I park next to an imola red II M3 every morning. Not my cup of tea at all, but it's definitely a sharp lookin' ride. I love the sound of his engine when it starts up too (my 330i ain't too shabby either, but it's no M3). 

If I was ever forced to go with a red, I'd say imola II is the best of the bunch of I've seen on E46s. It's got a nice dark hue to it.

Anyway, enjoy the wait for your car.


----------



## danpop (Feb 19, 2002)

I have Ti Silver and love it. Despite what everybody else claims, in my area, Black is the most common color on 3er. My girlfriend has a silver Mini and I have a feeling that the new Silver Gray will look a lot like it which honestly I don't like it; Ti Silver looks way better. When in 3-4 years I buy my next car (it will be a M3 :thumbup: ) I hope they'll bring Ti Silver back.


----------



## Sean (Dec 22, 2001)

Ti. Silver is so Y2K. I'm over it! Majority of every highline car I see on the road is silver, including mine.


----------



## Wah (Feb 9, 2003)

danpop said:


> *I have Ti Silver and love it. Despite what everybody else claims, in my area, Black is the most common color on 3er. My girlfriend has a silver Mini and I have a feeling that the new Silver Gray will look a lot like it which honestly I don't like it; Ti Silver looks way better. When in 3-4 years I buy my next car (it will be a M3 :thumbup: ) I hope they'll bring Ti Silver back. *


Ti silver is not gone...


----------



## TomwannaBMW (Feb 1, 2003)

I came down to those two choices for my 2004 330Ci order as well. 
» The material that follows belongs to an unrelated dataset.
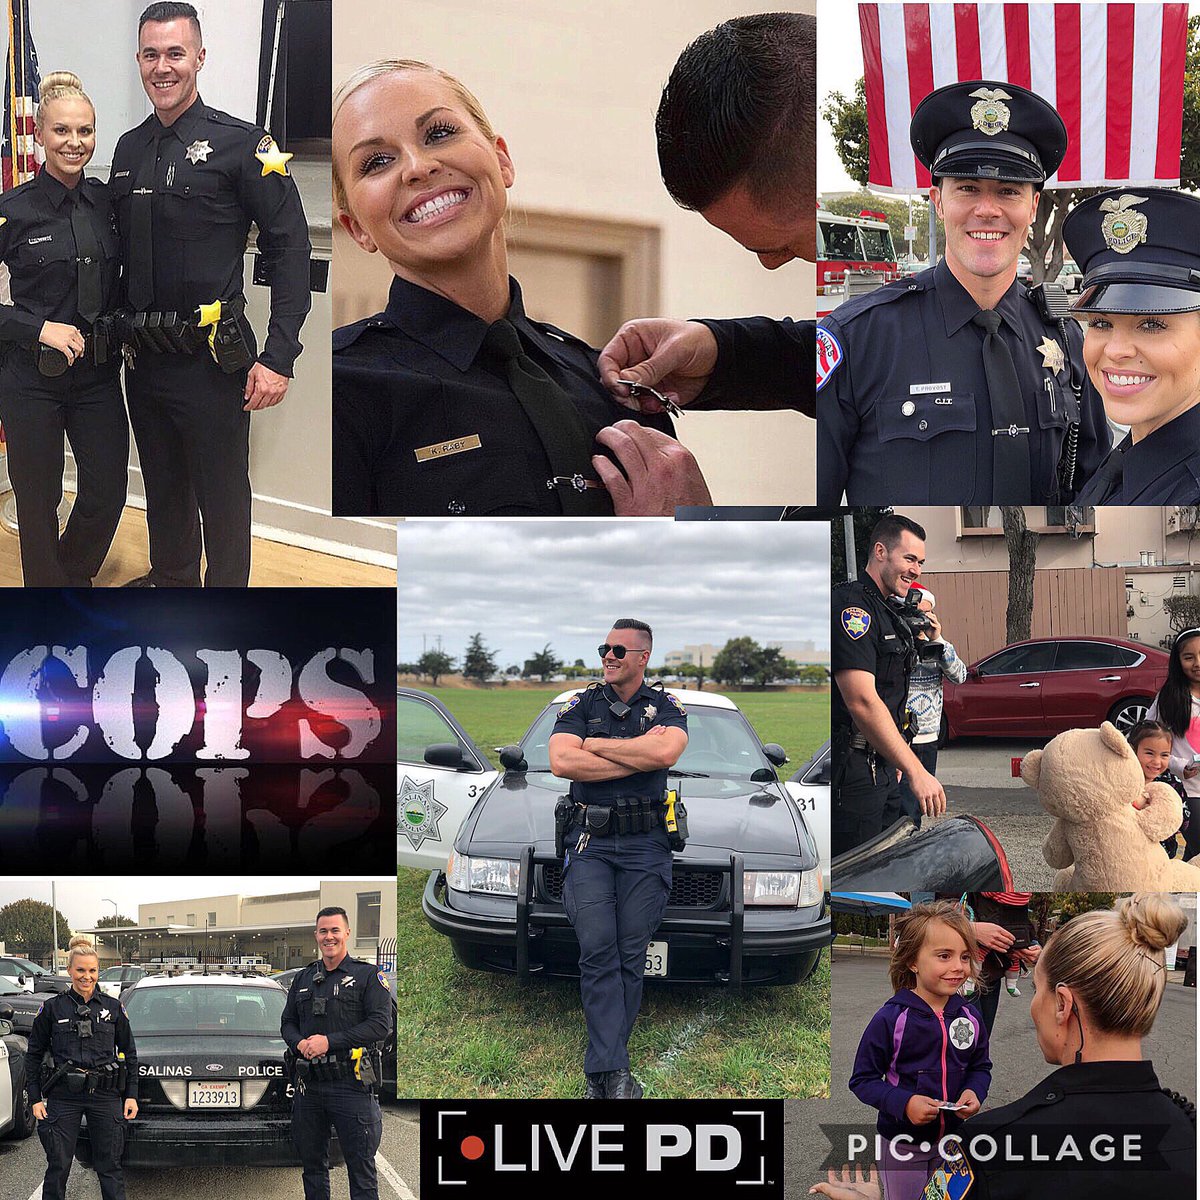 A few of my favorite picture from @Ofc_KatherineR and I this past year. Kat’s graduation and pinning ceremony, the 9/11 ceremony, riding with #livepd and #cops and giving back to the community. Memorable year. #captainamerica #bunsandguns #spd #copcouple

I have always loved silver and my first car was a silver 1982 Pontiac V8 4-speed manual Trans Am with maroon cloth seats and a T-top. :bigpimp: 

But when it came down to which color I wanted on the new ride, I decided to roll the dice a little and go with silver gray with the gray leather. The pics I have seen look awesome, but I know it might look a little different in person. 


Hopefully it will look as good as I think it will, but at the very least it will be unique.


----------



## ObD (Dec 29, 2001)

TiAg sucks, don't get it.


----------



## cruztopless (Sep 23, 2002)

Silver Gray ... yuck. Please DO NOT get silver gray. : puke: 

:angel:


----------



## Artslinger (Sep 2, 2002)

Titanium Silver, Silver Gray and any other variation of Silver is the favorite color of middle class America. 

Boring.


----------



## 3or5er (Nov 26, 2002)

cruztopless said:


> *Silver Gray ... yuck. Please DO NOT get silver gray. : puke:
> 
> :angel: *


Me 2


----------